The industry of natural resources is receiving a lot of attention these days not just in this country, but beyond the borders as well. The sector is being focused on by many buyers and sellers, since there are fewer risks involved and business is quite predictable. According to a recent merger and acquisition report, the natural resources market has not been fully exploited yet. There are so many state owned companies that actually want more investments and interest from the private sector.
So, while evaluating the deals in the natural resources market, what factors are being considered more important? According to a poll in which more than 300 professionals of the merger and acquisition industry voted, a lot of deal makers are now regarding environmental, social and governance or ESG factors as really important. Never before in the past have issues like rising prices of natural resources, global climatic conditions, and urbanization concerned deal makers. The trends have now changed, and all these things have become fairly significant in the M&A industry.
The poll results state that at least 68% of the respondents who are planning a merger in the upcoming year will consider ESG factors before closing the deal. Similarly, 38% of the investors and 36% of the factors senor management regard ESG factors to be the primary concern. Nearly half of the deal makers set their focus on operational efficiency, revenue enhancement and risk management.

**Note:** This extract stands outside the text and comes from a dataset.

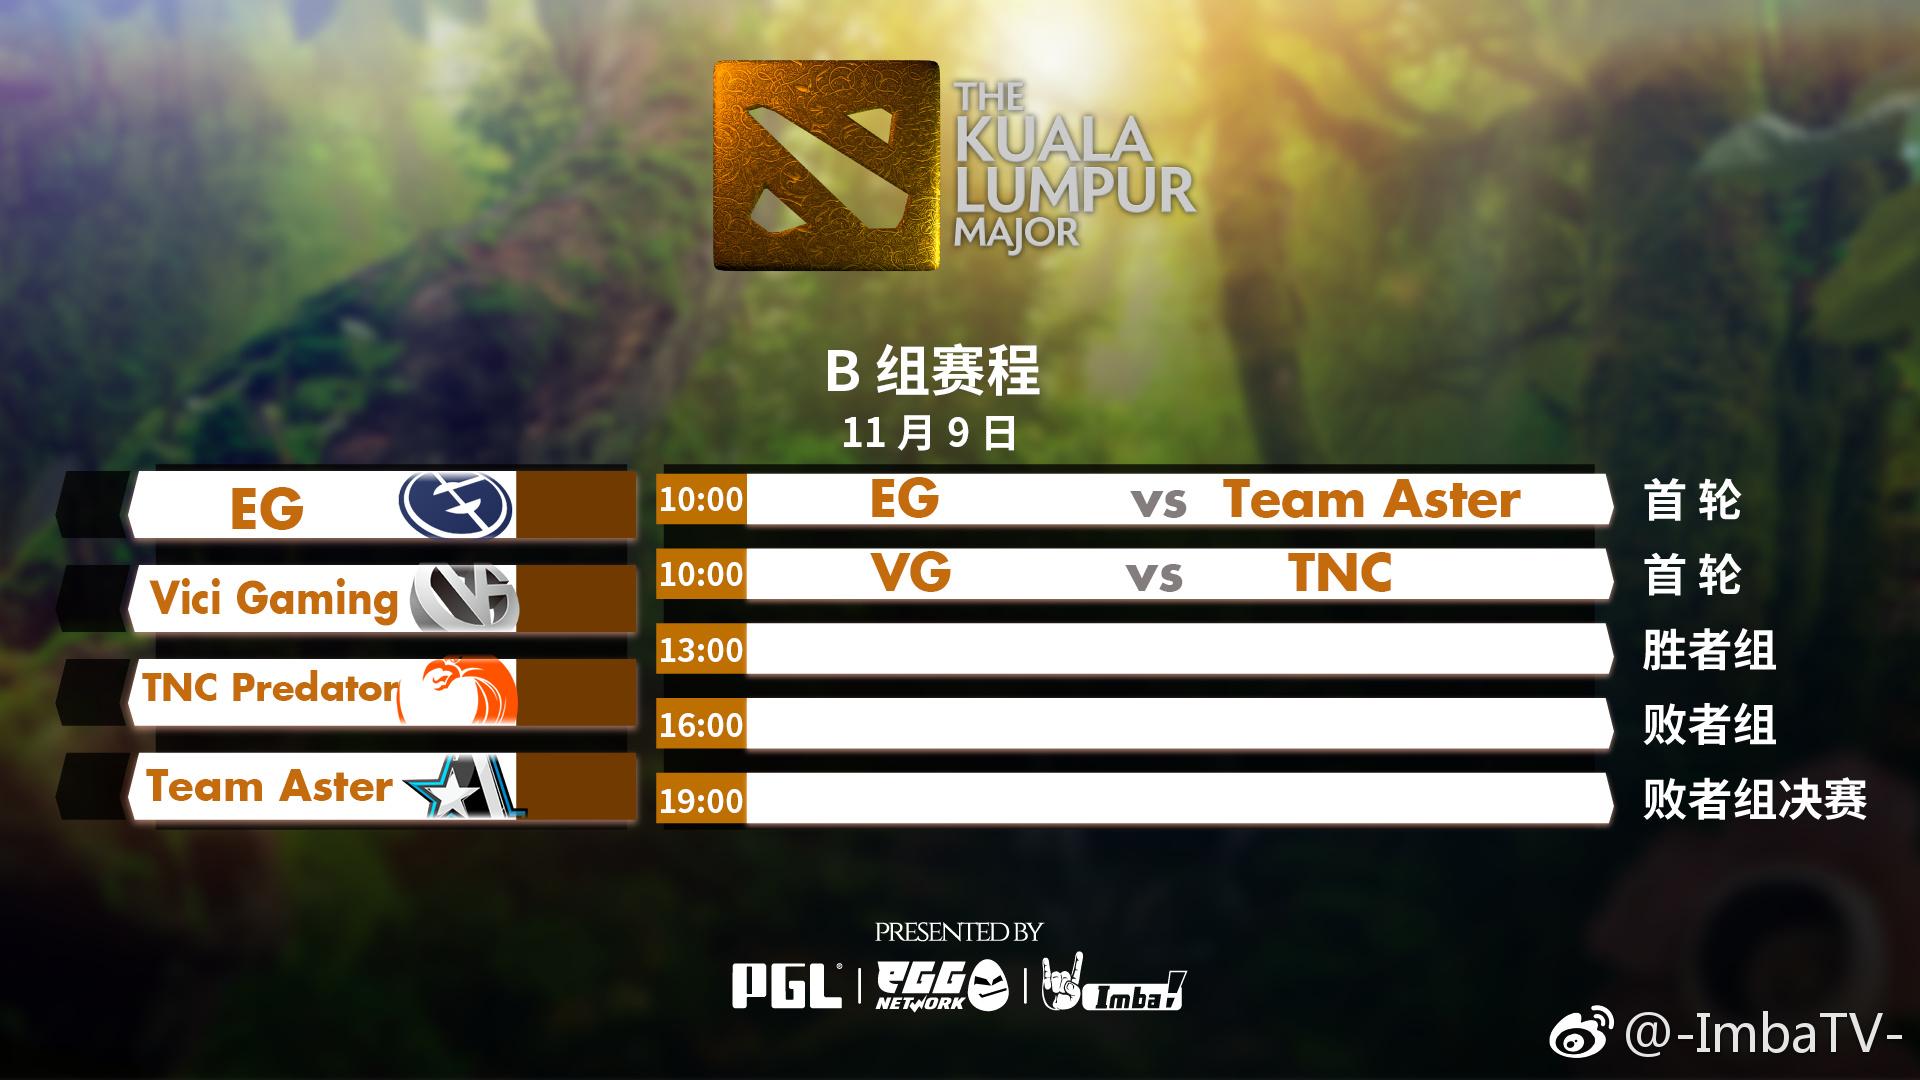 《DOTA2》吉隆坡Major分组和赛程公布 首日VG对阵TNC

A director of a firm which has recently merged stated that most of the organizations lay their focus on liability assessments and risk management while evaluating the probability of a deal’s success. However those businesses that are more advanced and better informed realize that ESG factors go deeper than just managing risks. All these companies utilize ESG factors to demine the benefits which the merged business can enjoy in terms of finances, reputation and operations.
The poll also asked the respondents to vote for those issues that appeared as the biggest obstacles in considering ESG and evaluating deals. The results suggested reduced support from senior level management, inefficiency or absence of methodologies and lack of expertise to be the primary reasons that led to inaccurate or imprecise analysis of a deal, and eventually cause it to fail.